━━━ Working data
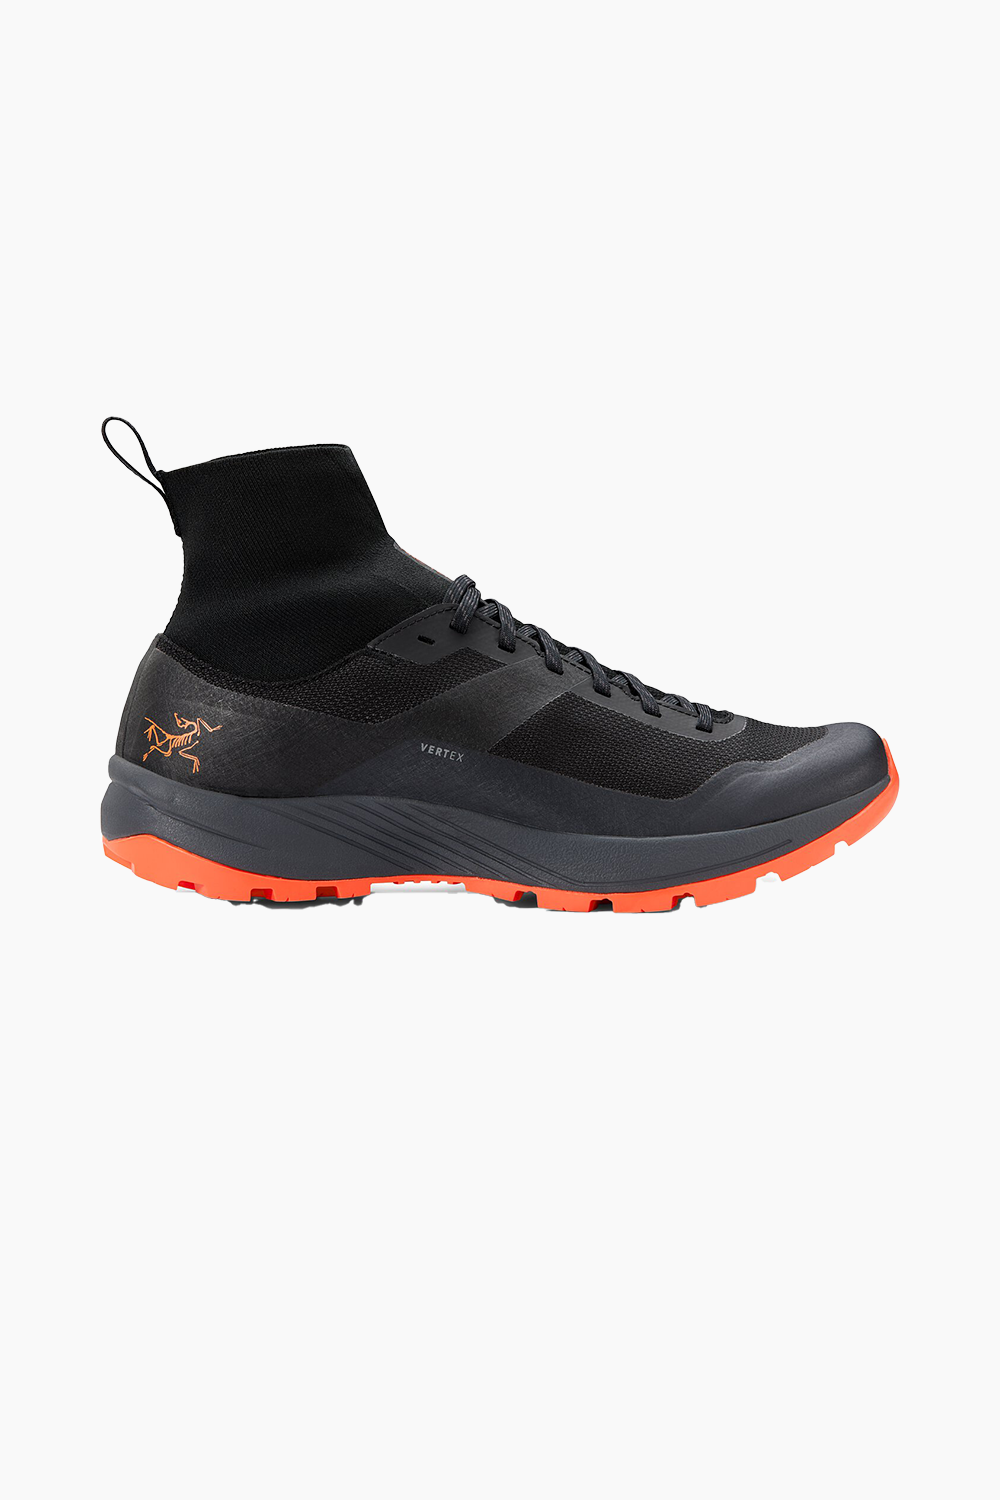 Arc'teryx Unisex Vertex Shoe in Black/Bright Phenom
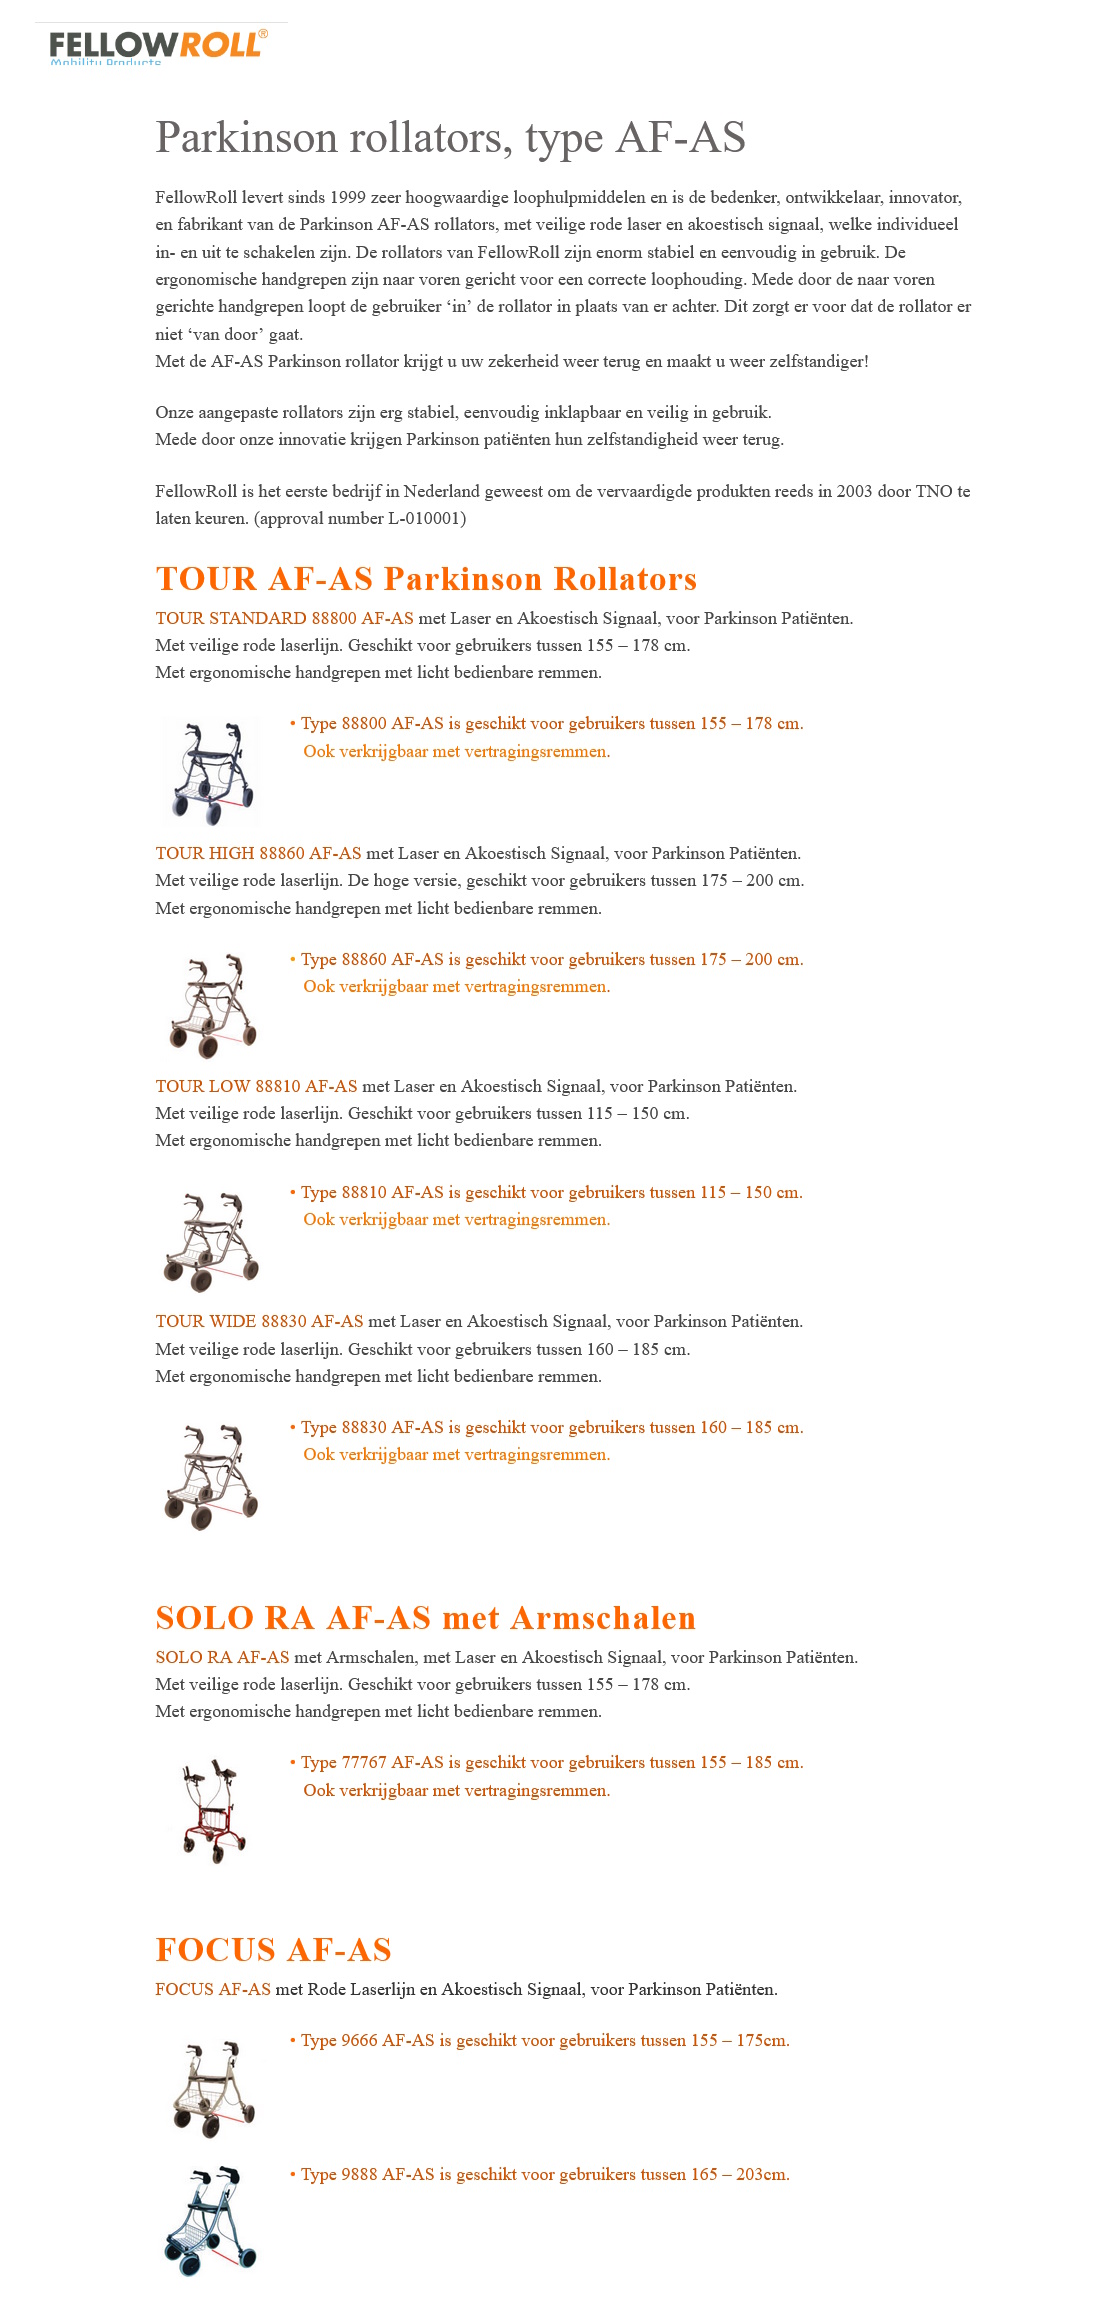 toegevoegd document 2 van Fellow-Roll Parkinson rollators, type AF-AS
━━━━━━
━━━ Working data
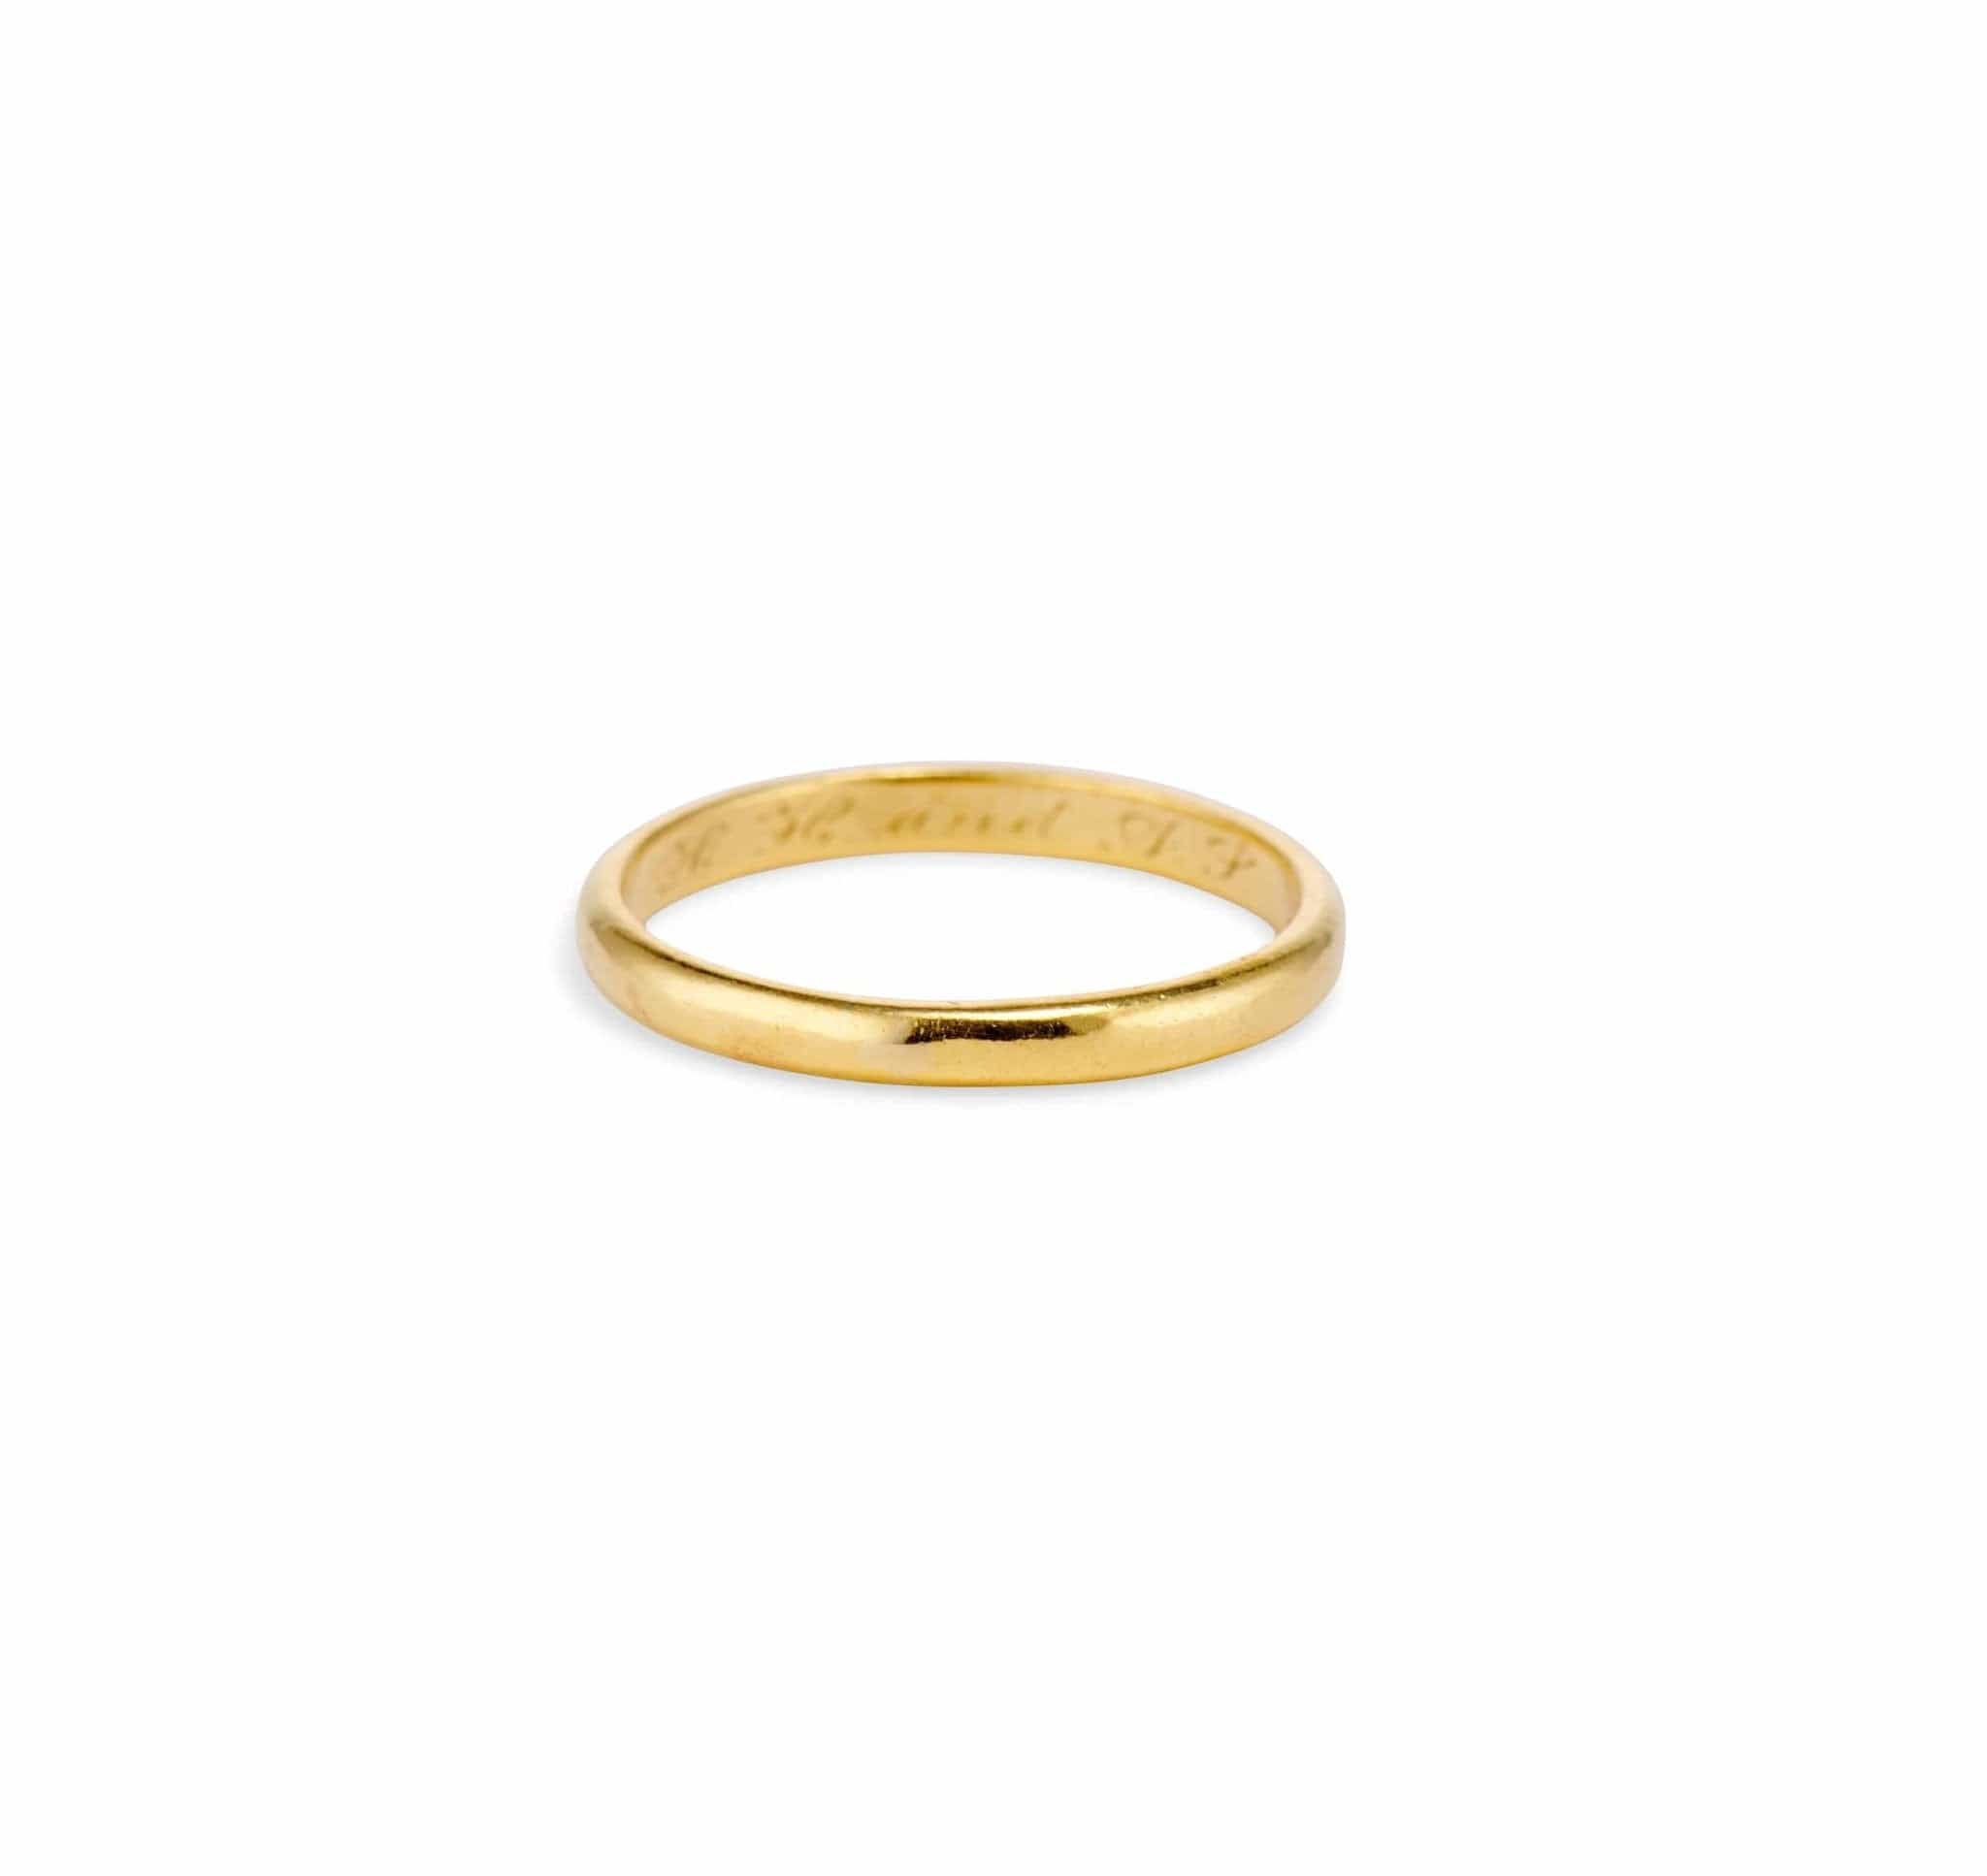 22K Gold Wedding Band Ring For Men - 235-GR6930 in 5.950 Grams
━━━━━━
What to produce: Go back to the listing above and write out the lines starting at the one with "Arc'teryx Unisex Vertex" and ending at the one with "toegevoegd document 2", inclusive, exactly and without pictures.

Final answer:
 Arc'teryx Unisex Vertex Shoe in Black/Bright Phenom
 toegevoegd document 2 van Fellow-Roll Parkinson rollators, type AF-AS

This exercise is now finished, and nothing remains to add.